Глаза Ивана Терентьича от избытка семейных воспоминаний увлажнились. А потная, ёрзкая ручища уже пробиралась под Катину шубенку. Поднял. Катя упиралась. Подталкивал ее, огромный, как упрямого ребенка, за тоненькую шейку. Уж возле лестницы. Извернувшись, Катя вынырнула из мокрых рук, ринулась к знакомой, почти любимой двери. И дверь в ответ, сочувственно застонав, распахнулась. Курбов!
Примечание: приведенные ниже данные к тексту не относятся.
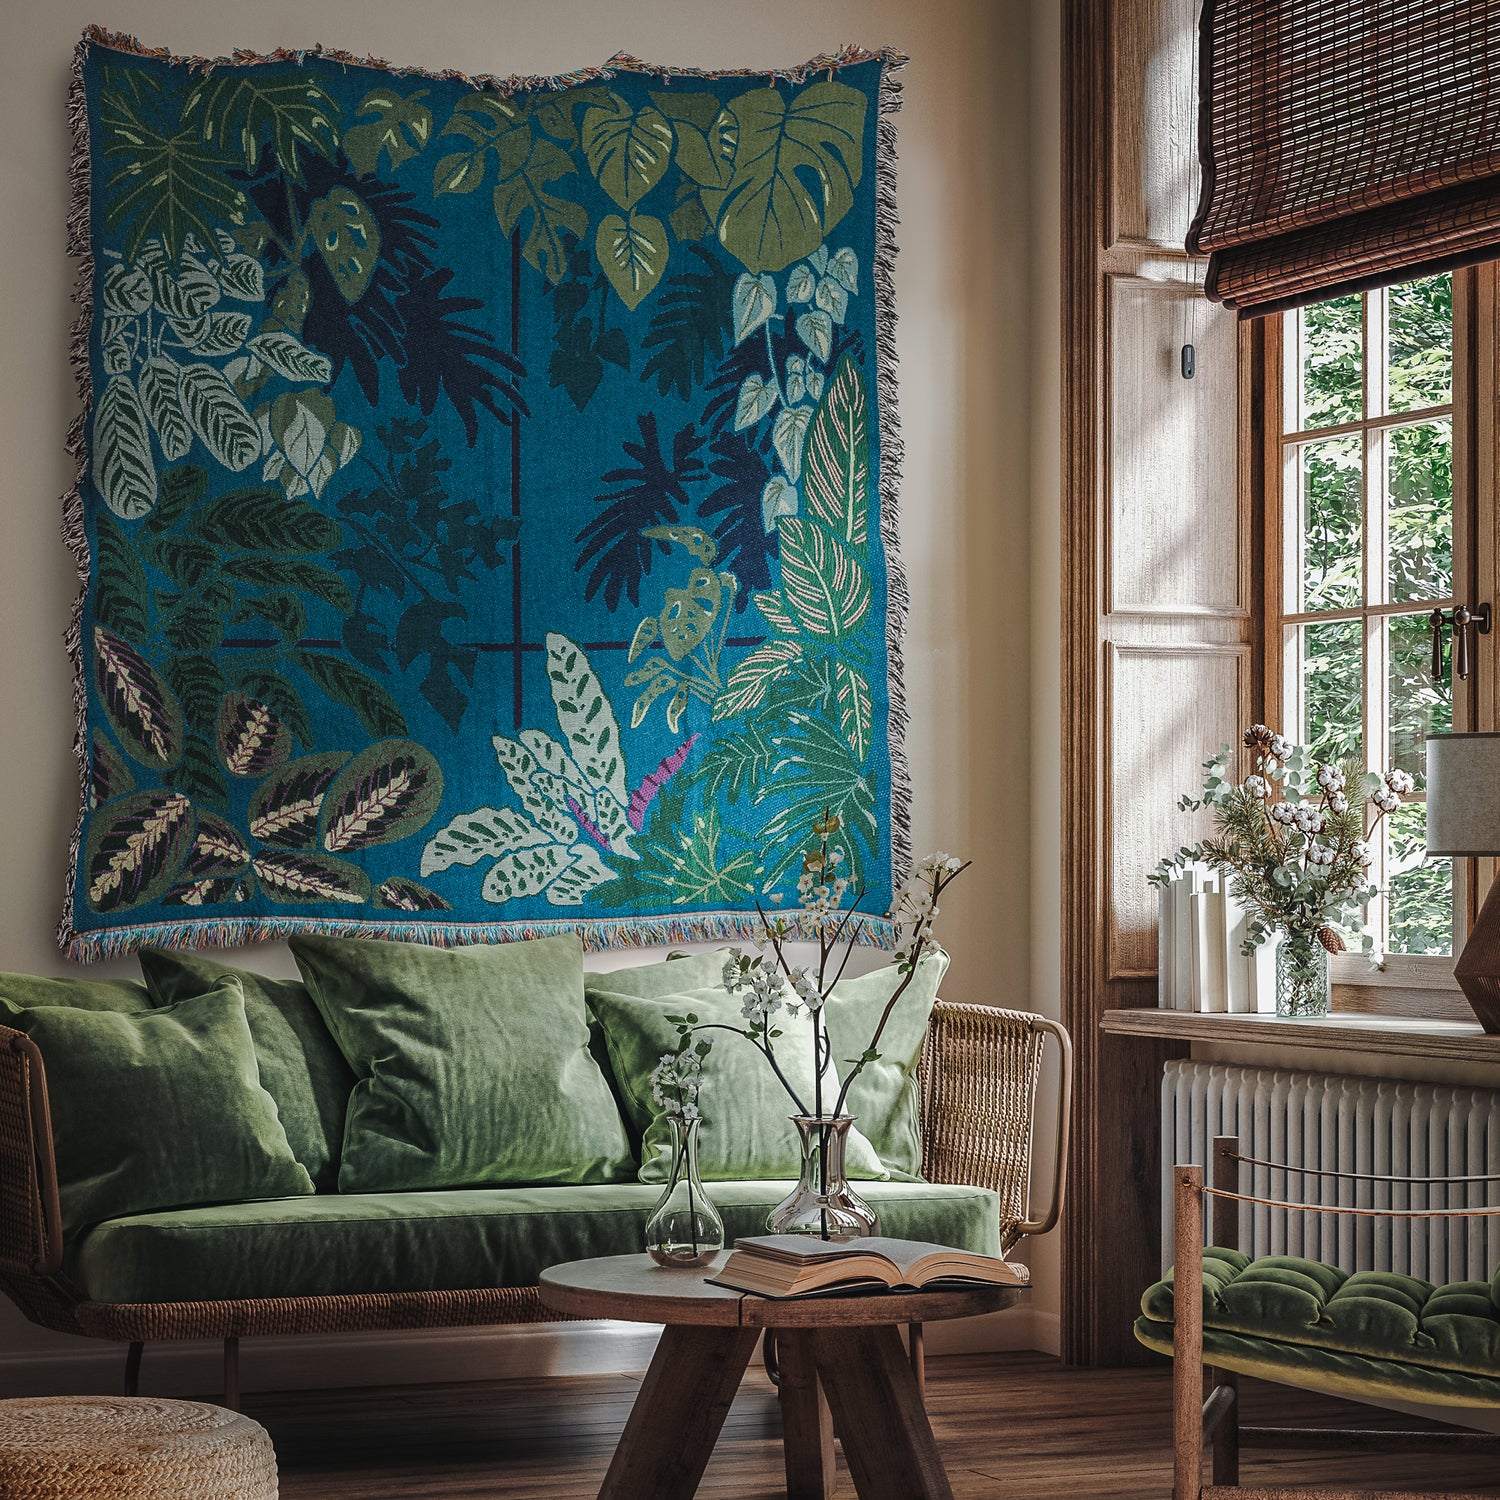 Teal and green woven blanket featuring houseplants hung as a tapestry on the wall  in a living room

Катя — волосы стекают вниз, платье на груди расстегнуто, слезы — к нему:

— Владимир!

Может, если б встретила его час тому назад, было бы другое, беседа, спор, медленное усилие, за шагом шажок на льду, вырубая ступеньку, чтобы подняться выше. Но сейчас не до того. Мысли разметались, как купа этих волос. Только нежность, неслыханная, страшная, которая способна взять язык с синтаксисом и с Далем, взять и сделать из него какой-то детский лепет, пенье дикаря, слога, обломки фраз, почти что придыхания, но полные значимости: вот в этом бездумном звуке — года. Здесь было всё: и как искала, и как колючий на Никитской, обомлев, чуть-чуть портфеля не выронил — «куртка вроде вашей» (счастливая улыбка: нашла, теперь-то наверняка), и как похож — в углу, без бороды, и после — какой он бедный, надо пожалеть, и странные прозвища: «Заяц», вовсе невнятное «Левун», и теплота слезы, скатившейся на руку Курбова, и снова извержения слов грозных в ласковости и, наконец, последнее, преодолев все суеверия, несказанное, но только вычерченное детскими еще губами, кинутое внутрь и все же понятое, горькое «люблю».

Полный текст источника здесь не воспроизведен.